The second type of performance misclassification is misclassification due to chance. This kind of misclassification occurs because any time performance is measured, there will always be some amount of random measurement error. The unavoidable presence of measurement error means that for every provider in a report, any report that contains more than one category (i.e., a report that enables any kind of comparison between providers) will have some risk of misclassification due to chance.
Many CVE stakeholders may already have discussed misclassification due to chance without realizing it. Debates over "minimum sample sizes" (or how many patients need to be included in a performance measure before it can be reported) are an intuitive way to think about misclassification due to chance. Stakeholders would be right to wonder, "If a given provider has only had a handful of patients, how can we really know anything about the provider's true performance?"
Baseball also presents a useful analogy for thinking about misclassification due to chance. Suppose a rookie has an especially good first game, getting a hit in 3 of 4 times at bat. Based on this first game, his or her batting average will be 0.750. Are we then to assume this player is the greatest hitter of all time? If we only look at the batting average without paying attention to sample size (n = 4), we would have no other choice.

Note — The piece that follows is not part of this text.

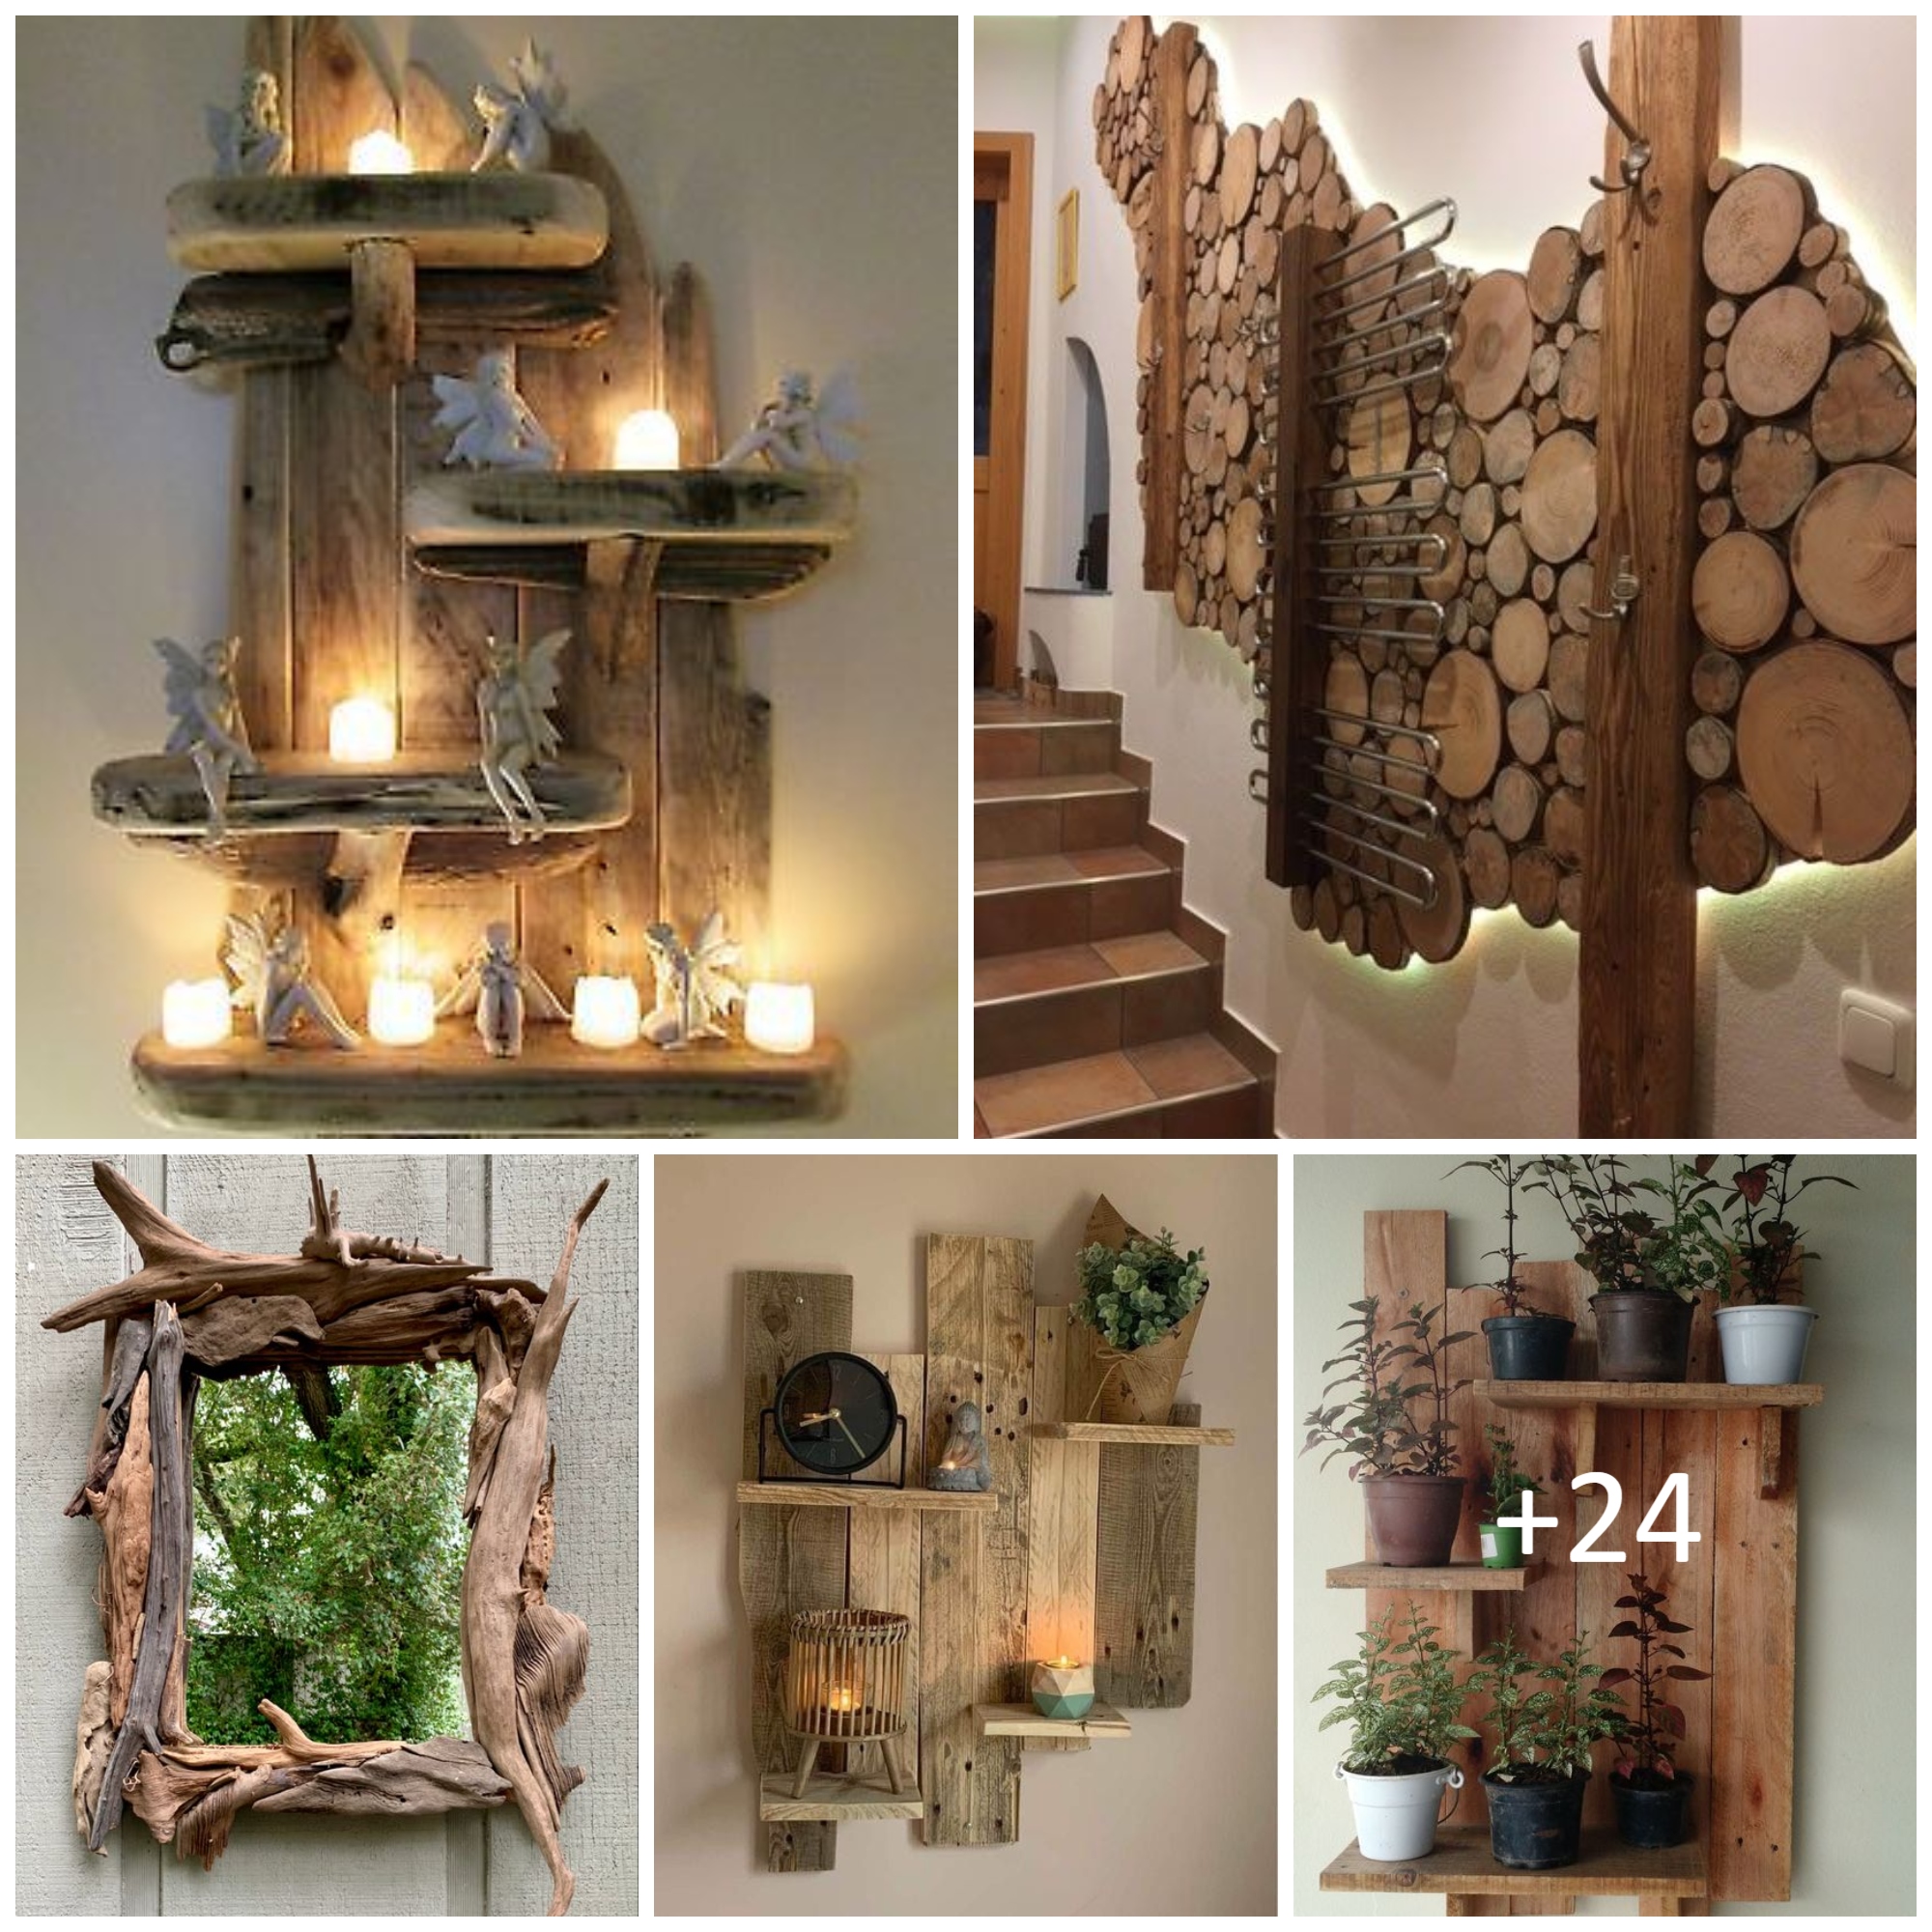 Woodworking useful ideas & inspirations for your home

Most people will intuitively agree that induction into the Baseball Hall of Fame would be premature. Regardless of skill, the rookie was probably lucky in the first game. Baseball players' batting performance can vary dramatically from game to game, and the observed batting average of 0.750 far exceeds the full range of batting averages normally seen, even among great players. Therefore, classifying the rookie as "greatest ever" would run a very high risk of misclassification due to chance.
It is fair to ask: "How many times at bat would be needed before we know how good a baseball player really is?" In other words, how many observations are needed before we feel reasonably confident about predicting the player's future performance? Thirty times at bat? One hundred times? A season? Multiple seasons? The best answer may depend on the purposes for which the performance data will be used and on the player's calculated risk of performance misclassification.

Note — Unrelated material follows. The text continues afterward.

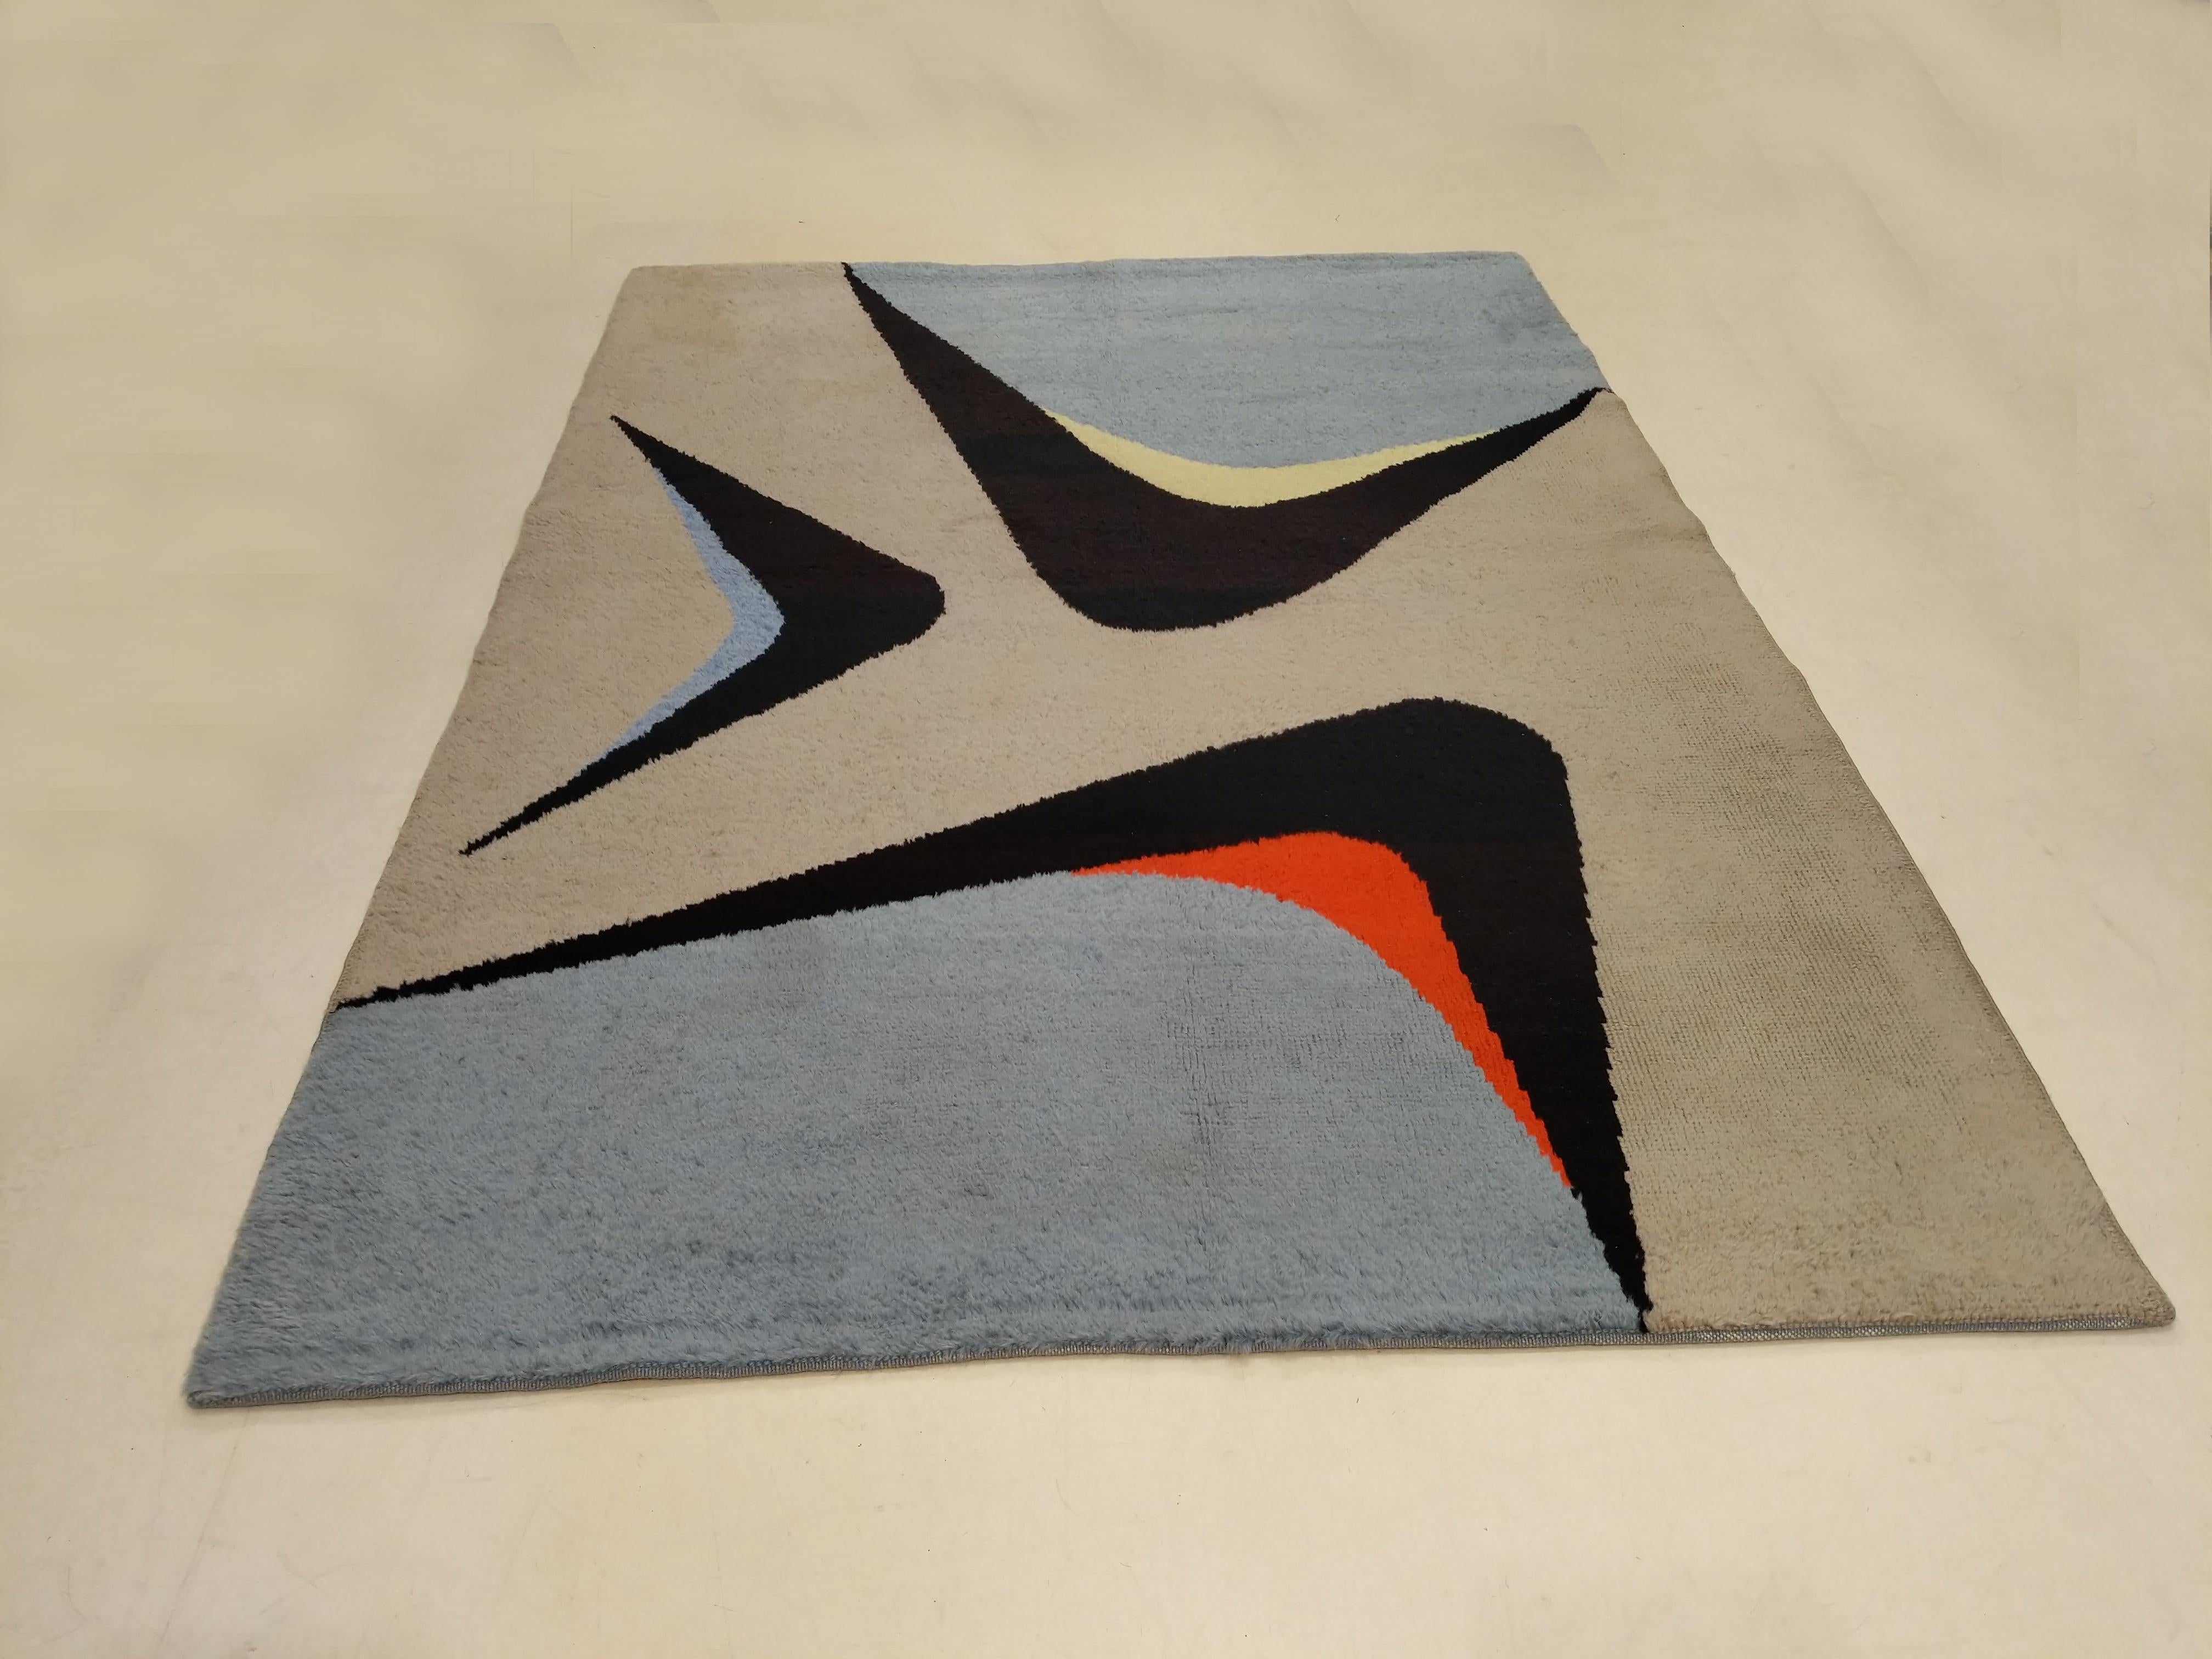 French Midcentury Design Rug by Jacques Borker For Sale 2

If performance data will be used to decide whether to include a player in a team's starting lineup for just a few games, then a relatively high risk of misclassification may be tolerable. On the other hand, if performance data will be used to offer the player a multiyear contract, then team managers may be willing to accept only a small risk of misclassification. When millions of dollars and multiple seasons are on the line, they will probably want as much certainty about future performance as possible.
The statistical issues in this baseball example are similar to the methodological issues facing CVEs, community collaboratives, and other organizations interested in creating public reports of performance of health care providers. Readers interested in more detailed information about the ways performance can be misclassified are encouraged to consult two appendixes to the report: Appendix 1: Systematic performance misclassification, and Appendix 2: Performance misclassification due to chance.